We’ve given you the list of the best corporate bonds. But you must be wondering how did we make that list. Bond ratings are the answer. Credit rating agencies play a role in assessing the risk of default for bonds. Global giants like Standard & Poor’s Fitch and Moody’s and firms such as CRISIL and ICRA are involved in this process. These agencies thoroughly analyse details to determine the creditworthiness of a bond and assign ratings that indicate its risk level.
Here are the key points to understand in the bond rating arena:
- The ratings these agencies provide range from AAA to D.
- AAA-rated bonds are considered the most secure with the least risk of default. On the other hand, bonds rated D signify higher credit risk, often indicating that they are most likely in default. This classification helps investors make informed decisions by balancing the trade-off between risk and return.
- During this evaluation process, the different financial parameters of the issuing corporation are closely examined.
- The ratings these agencies assign reflect the financial stability and assess an issuer’s ability to repay the bond under various economic conditions.
- Consequently, these ratings are a benchmark for investors, helping them identify bonds that align with their risk tolerance and investment objectives.
Who Should Invest In These Bonds?
Corporate bonds are an effective tool for diversifying investment portfolios, balancing the higher risk of stocks and the lower yields of government bonds and fixed deposits. They appeal due to their stability and potential to generate income, making them suitable for investors seeking moderate risk.
Moreover, corporate bonds often have higher interest rates than government bonds, providing an attractive option for those looking to boost their income streams without significantly increasing risk.
Final Word
In summary, including bonds in an investment portfolio can be a move for investors looking towards diversification. By doing so, they can enjoy a combination of stable and higher returns with a moderate level of risk that aligns with various investment objectives and risk appetites.

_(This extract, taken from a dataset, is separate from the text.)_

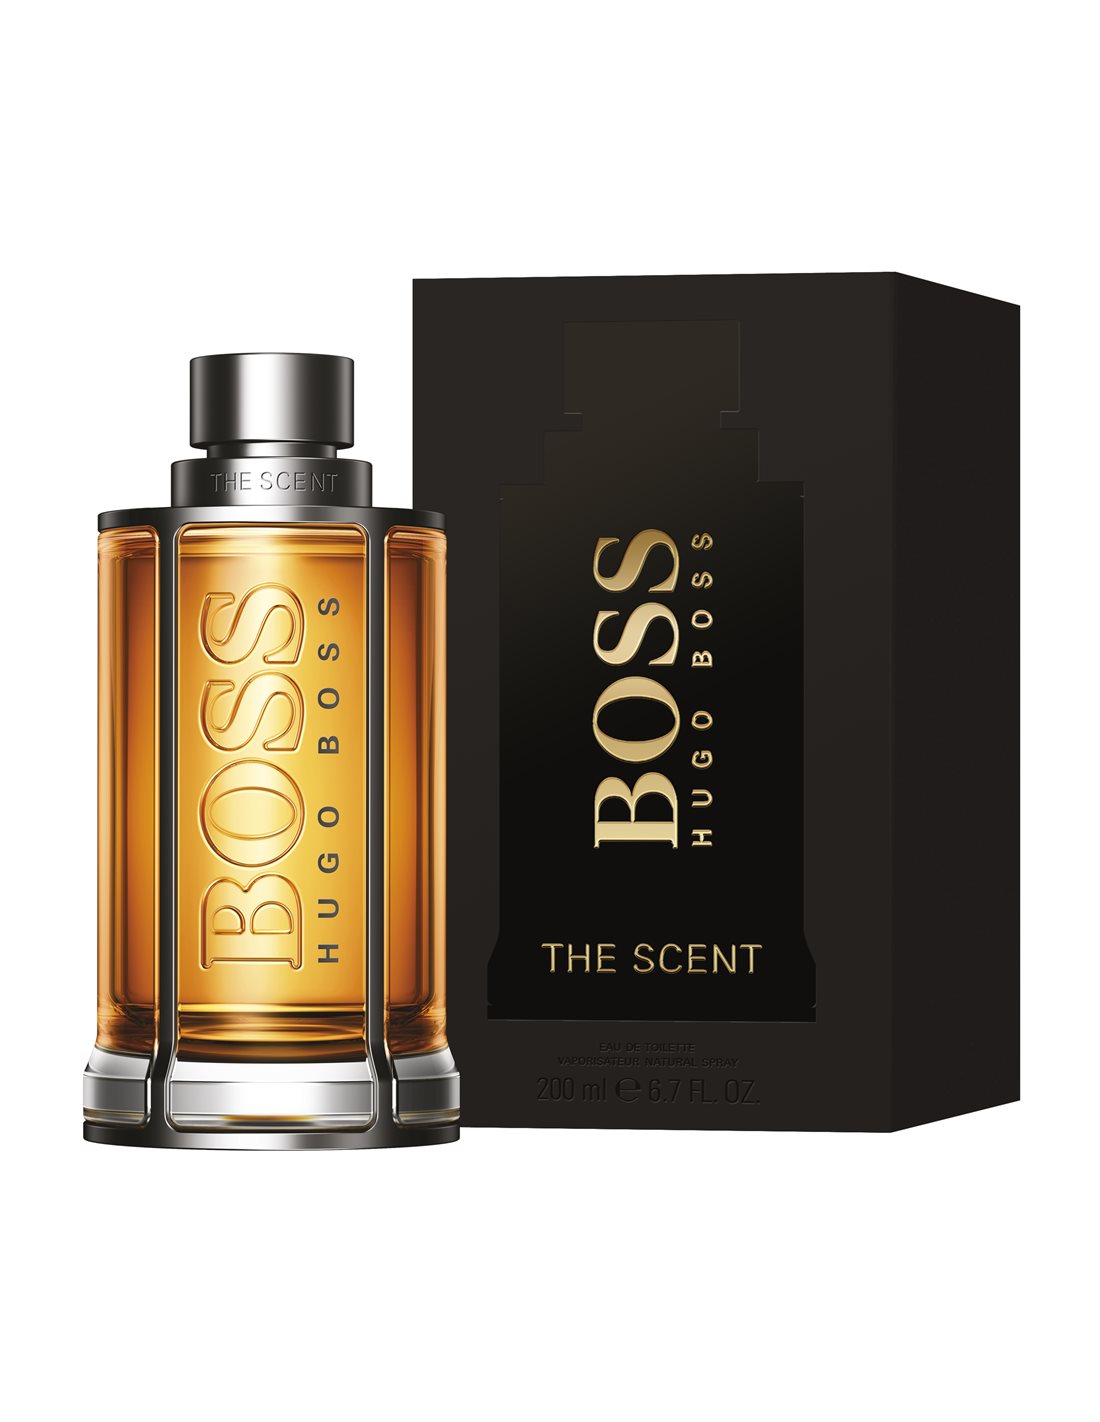 BOSS THE SCENT 200 ML EDT GAL

We’ve given you our pick of the top 10 corporate bonds you can invest in India as of 2023. However, your choice of corporate bonds entirely depends on your risk appetite yield expectations to go along with your financial lifestyle. Make informed decisions, and as always, happy investing!
Frequently Asked Questions (FAQs)
Is a Corporate Bond Better Than a Fixed Deposit?
Whether corporate bonds are better than fixed deposits (FDs) depends on the investor’s risk tolerance and return expectations. Bonds typically offer higher returns but come with greater risk.
How Do I Choose a Corporate Bond?
To choose a corporate bond, consider factors like the issuer’s credit rating, bond yield, maturity period, and your own investment goals and risk profile.
Corporate Bonds vs. Corporate Bond Mutual Funds: What’s the Difference?
Corporate bonds offer direct investment in a specific company’s debt, while corporate bond mutual funds provide diversification and professional management but may have additional fees.
Are NRIs Eligible to Invest in Corporate Bonds?
Yes, Non-Resident Indians (NRIs) are eligible to invest in corporate bonds in India, subject to regulatory norms and guidelines.